Using the entries that follow, write out the line containing "forme astratte dell'acqua.", the line containing "2020中秋节宣传海报", and every line between them, exactly and nothing else.

**PROVIDED DATA**
******************************
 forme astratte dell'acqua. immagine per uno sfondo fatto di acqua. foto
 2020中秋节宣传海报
******************************
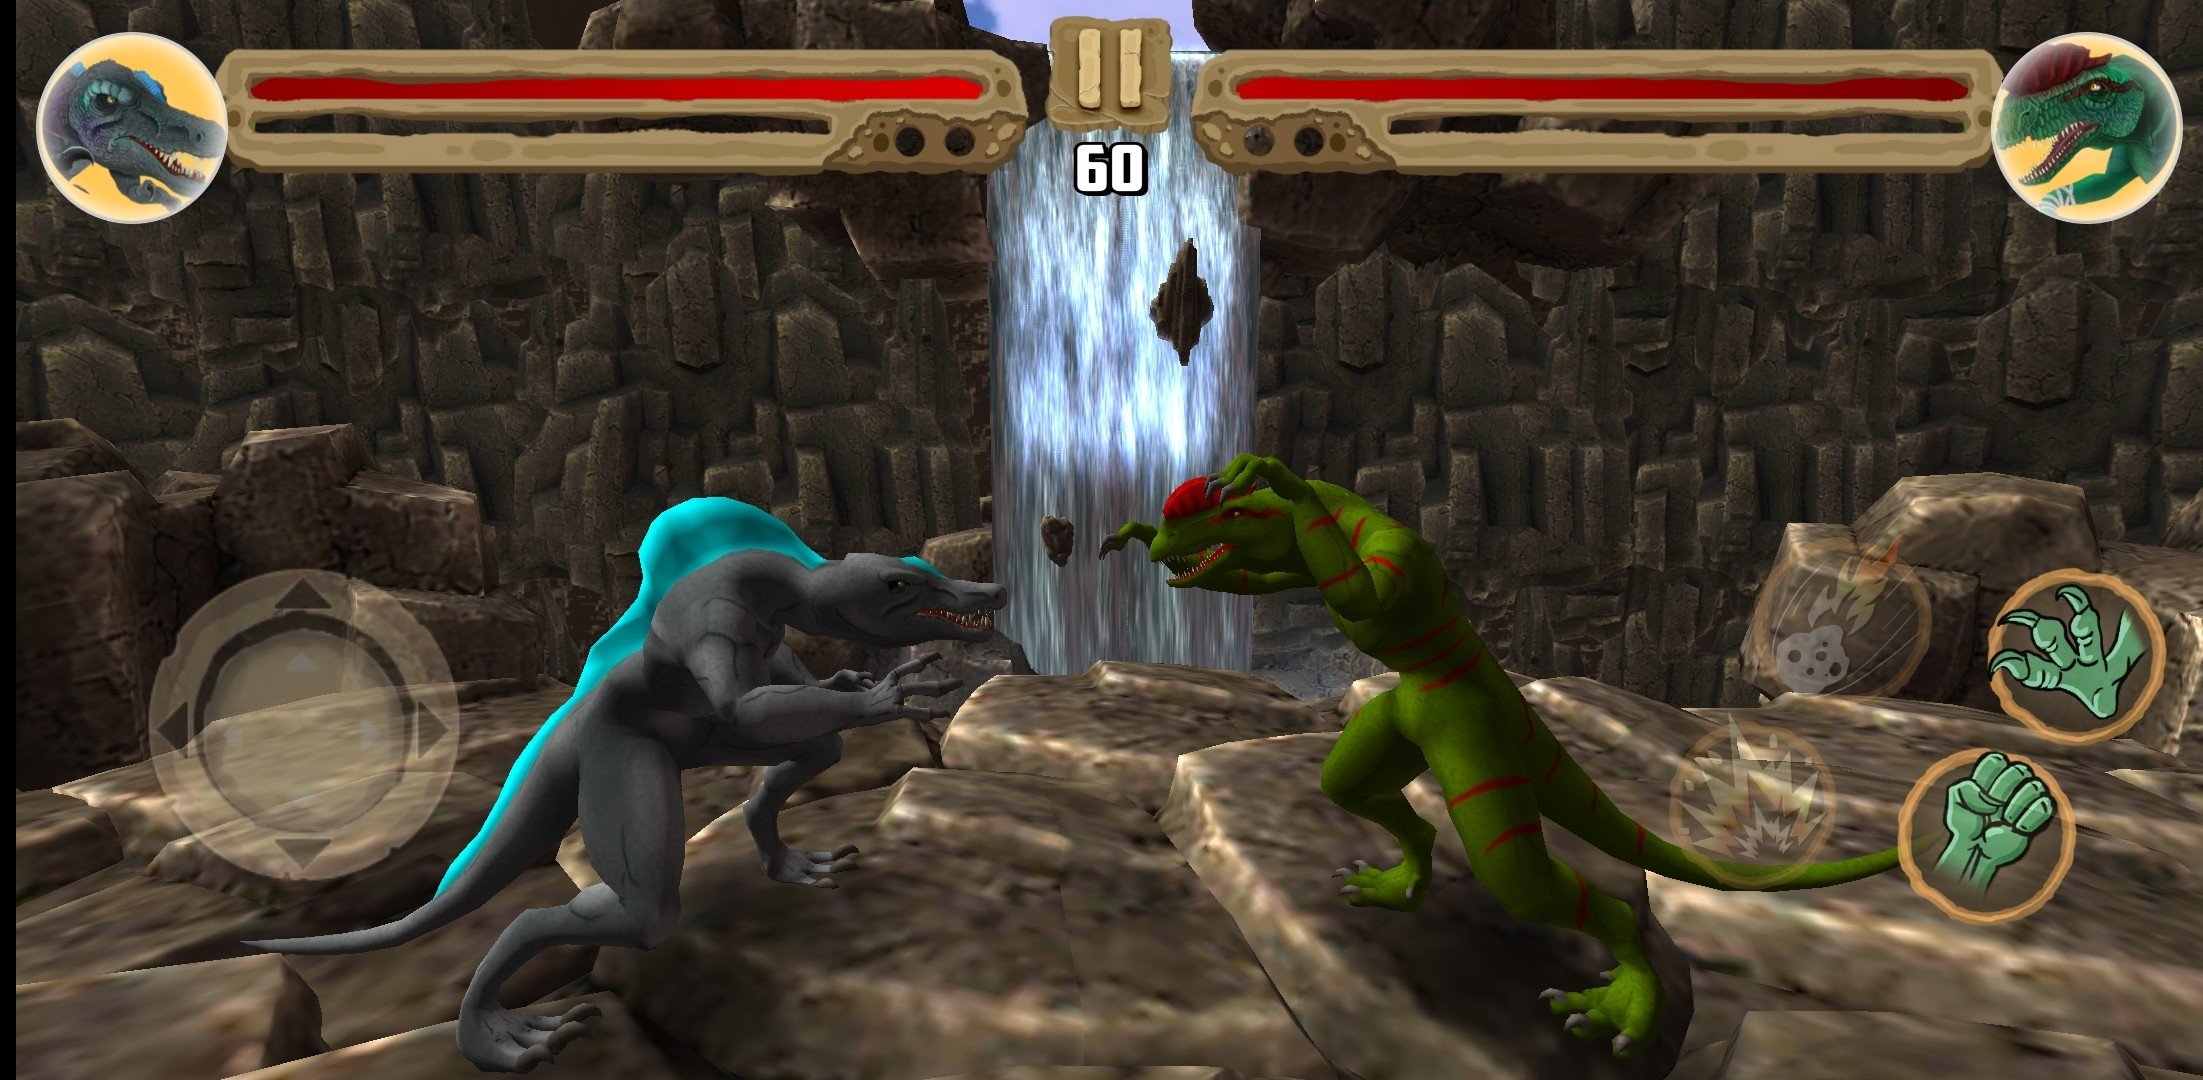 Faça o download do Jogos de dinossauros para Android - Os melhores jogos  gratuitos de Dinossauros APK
******************************
**ANSWER AREA**
 forme astratte dell'acqua. immagine per uno sfondo fatto di acqua. foto
 2020中秋节宣传海报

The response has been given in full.